→ **GIVEN INFORMATION**
══════
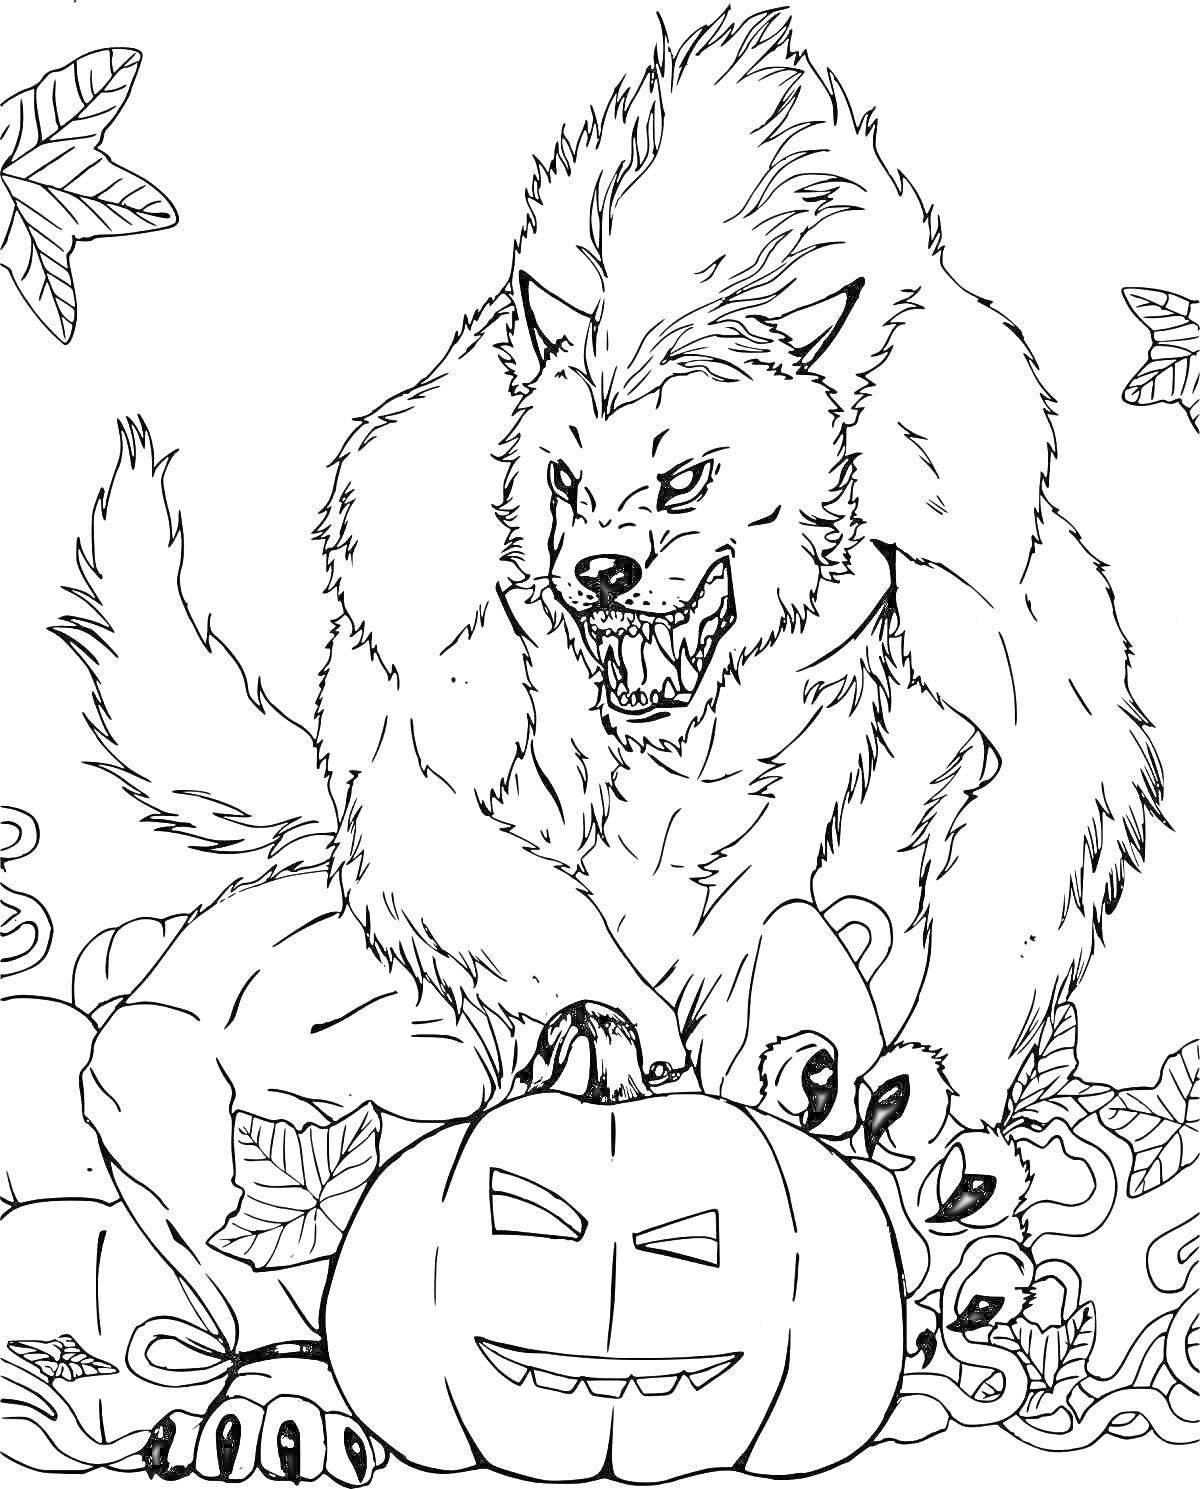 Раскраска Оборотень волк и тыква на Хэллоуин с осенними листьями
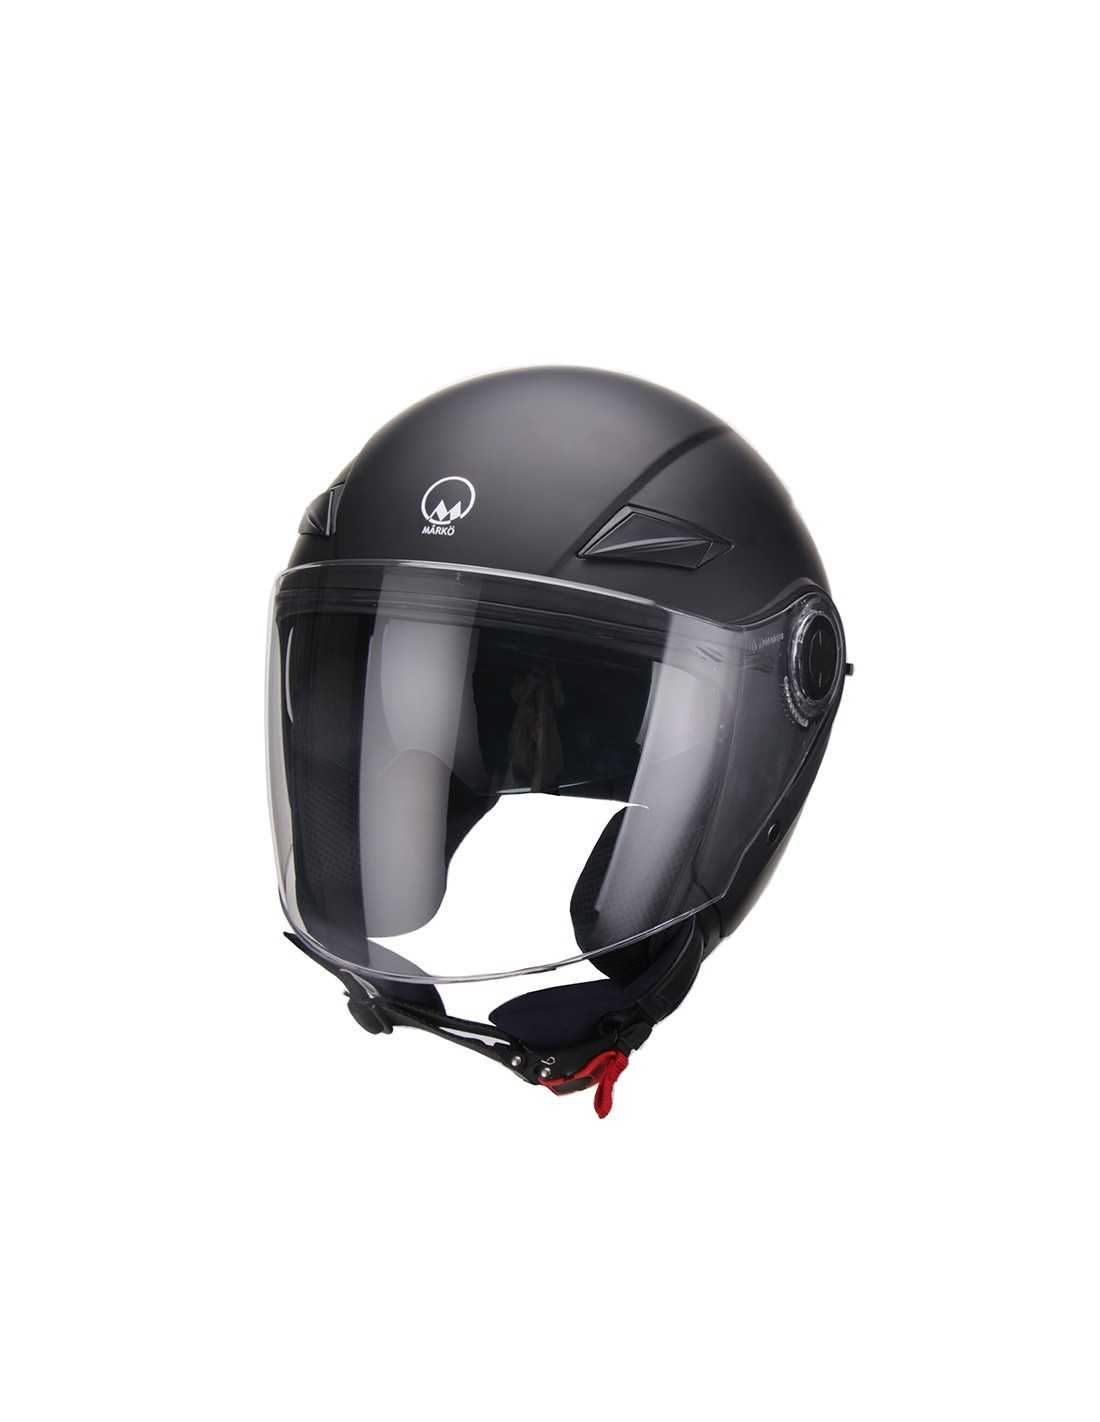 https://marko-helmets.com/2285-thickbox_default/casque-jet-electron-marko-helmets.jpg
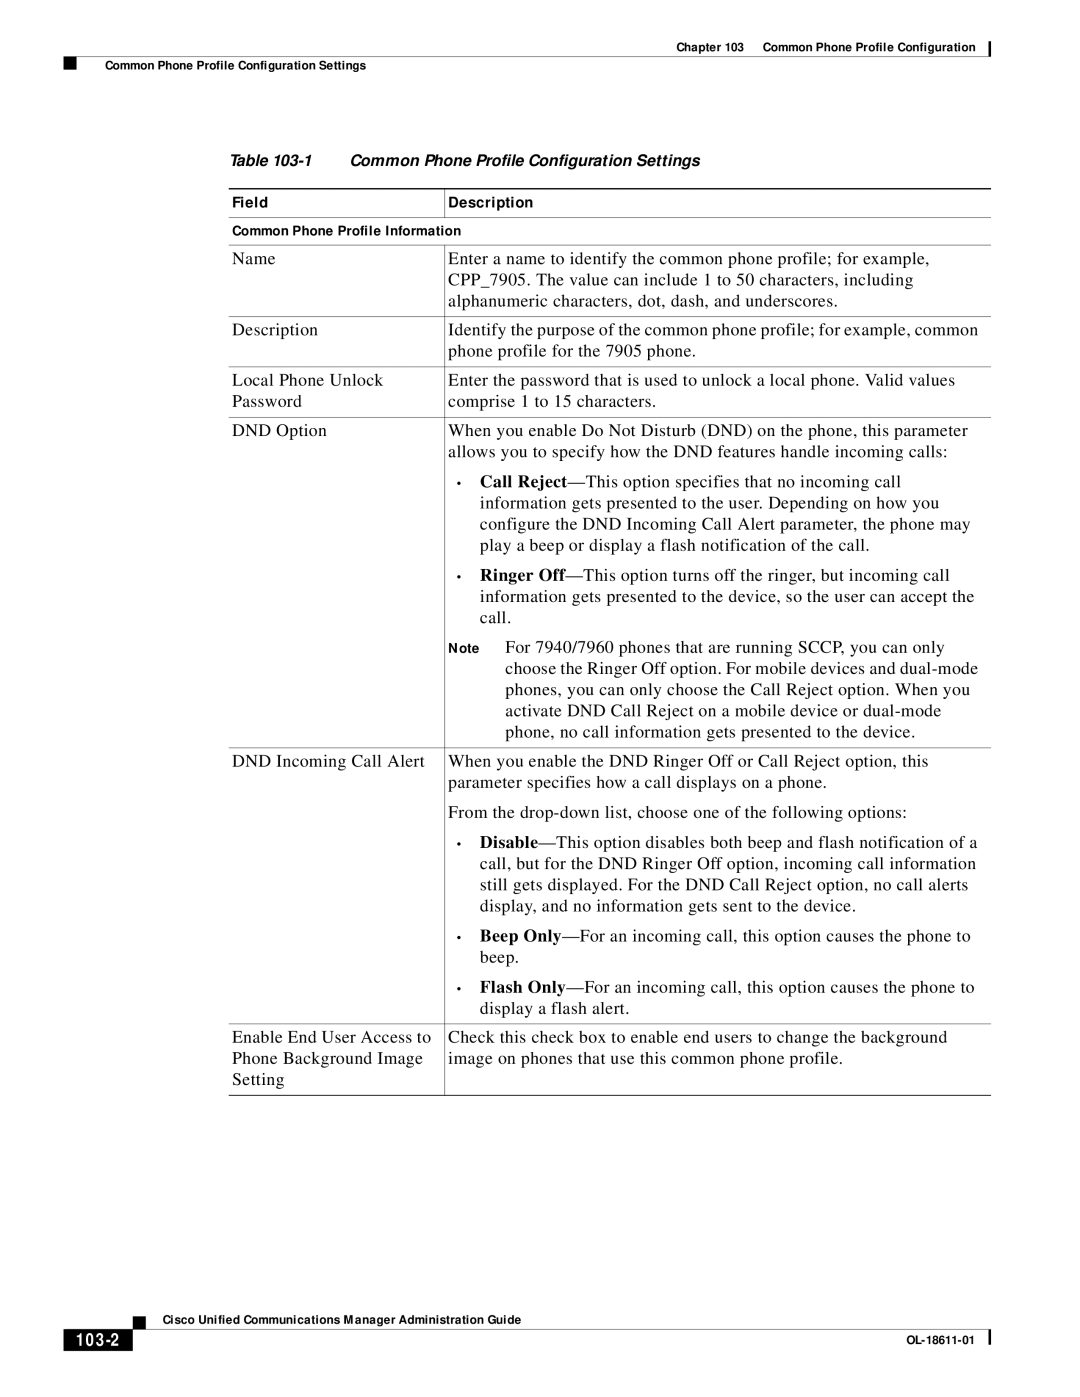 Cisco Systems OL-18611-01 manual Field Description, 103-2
══════
Could you give back the full listing word for word, leaving out the images?

→ **ANSWER FOR THE TASK**
 Раскраска Оборотень волк и тыква на Хэллоуин с осенними листьями
 https://marko-helmets.com/2285-thickbox_default/casque-jet-electron-marko-helmets.jpg
 Cisco Systems OL-18611-01 manual Field Description, 103-2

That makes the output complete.